Semester Project repository
Hand gestures - a form of non-verbal communication, are now being utilized in developing various Human-Computer Interaction tools such as systems for communicating with deaf-mute people, robot controls, home automation devices and, medical devices. Hand Gesture Recognition systems find their immense application in a wide range of domains which include or may incorporate automated gesture-based utility of machines that are currently being operated manually. Different approaches and combinations of techniques can be used for classifying hand gestures using deep learning. This project aims to explore and develop a system that can recognize and classify hand gestures using deep learning methods and evaluate the extent to which the combination of CNN with LSTM and GRU (Gated Recurrent Unit) model assists in addressing this problem better. Furthermore, the effects of data augmentation on the models were explored. The results of the evaluation metrics suggested that the combination of CNN, GRU, and LSTM teamed with data augmentation, outperformed other methods in terms of both lesser computational expenses, model loss behavior, and better performance accuracy for the chosen Hand Gesture Recognition Kaggle dataset.
Evaluating multiple cutting-edge deep learning image recognition models such as CNN, CNN-LSTM and CNN-GRU, with and without augmented data provided an in-depth insight into their workings on a public dataset available on Kaggle. We observed the highest accuracy and a comparable speed for execution for the CNN-LSTM model which suits our requirement due to the availability of an enriched dataset. When dealing with a lower quality dataset, we can use the CNN-GRU for similar results with higher speed. Even though both the models, CNN-LSTM and CNN-GRU produced similar results when it came to accuracy, partly due to the enriched nature of the dataset in which each gesture class is represented with almost 200 samples without data augmentation, CNN-LSTM can be selected for this particular use case over CNN-GRU because of its inherent nature of higher accuracy when a diverse dataset is available. However, for a dataset with lesser diversity and sample size, a CNN-GRU approach can perform better.

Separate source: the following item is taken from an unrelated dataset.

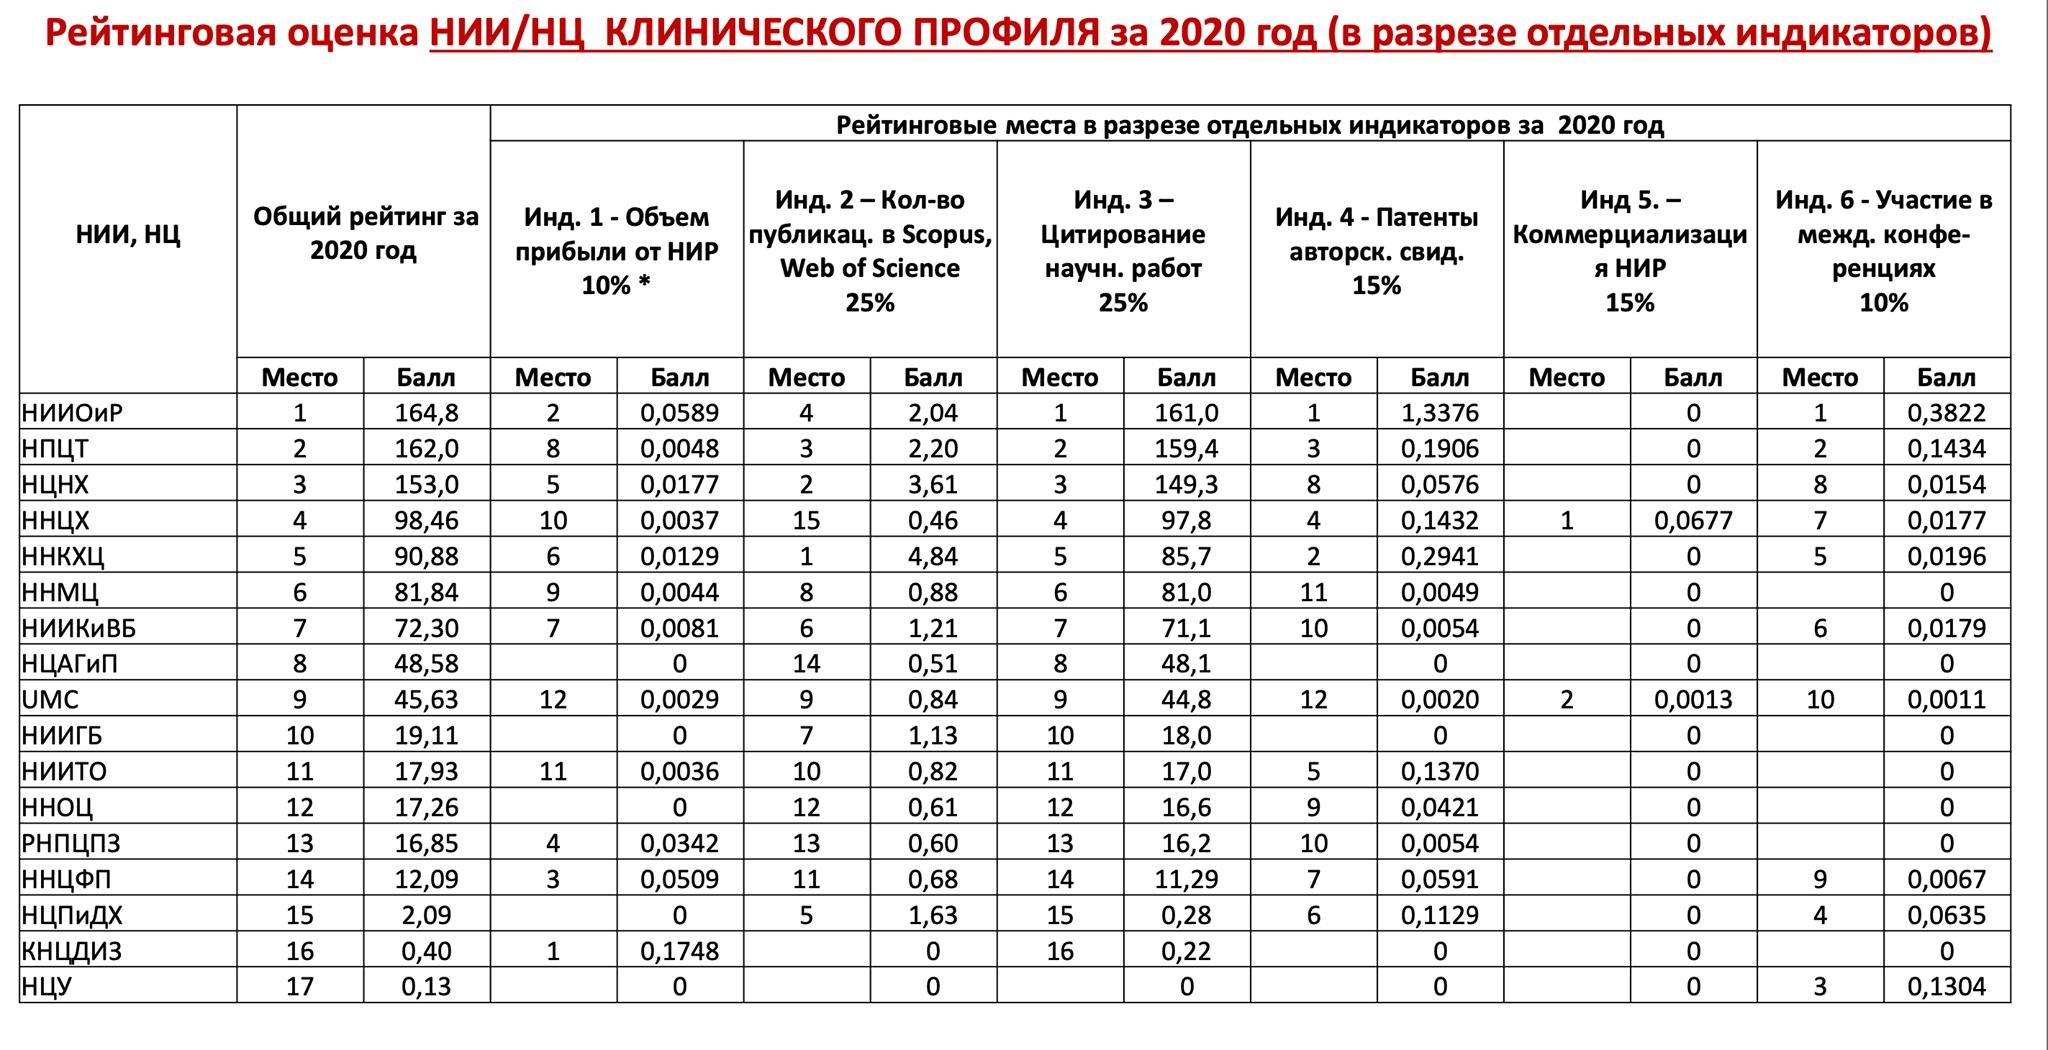 Казахский НИИ онкологии и радиологии занял первое место в рейтинге научных медицинских НИИ и НЦ клинического профиля за 2020 год!

Fig. Accuracy Scores per epochs
Steps to run “Hand gesture recognition using deep learning code (dmml2_final_code.ipynb)”:
- Download data from the Kaggle website ( https://www.kaggle.com/datasets/gti-upm/leapgestrecog ).
- Upload data to personal google drive to mount data to Google Colab.
- In the “Mount data from google drive” section of code,
a. Using this you can mount your google drive to Google Colab.
b. Get the path for data using the following steps:
c. Change the path of project_folder in code.
- Run all the following cells at once or one by one to execute the final code for results.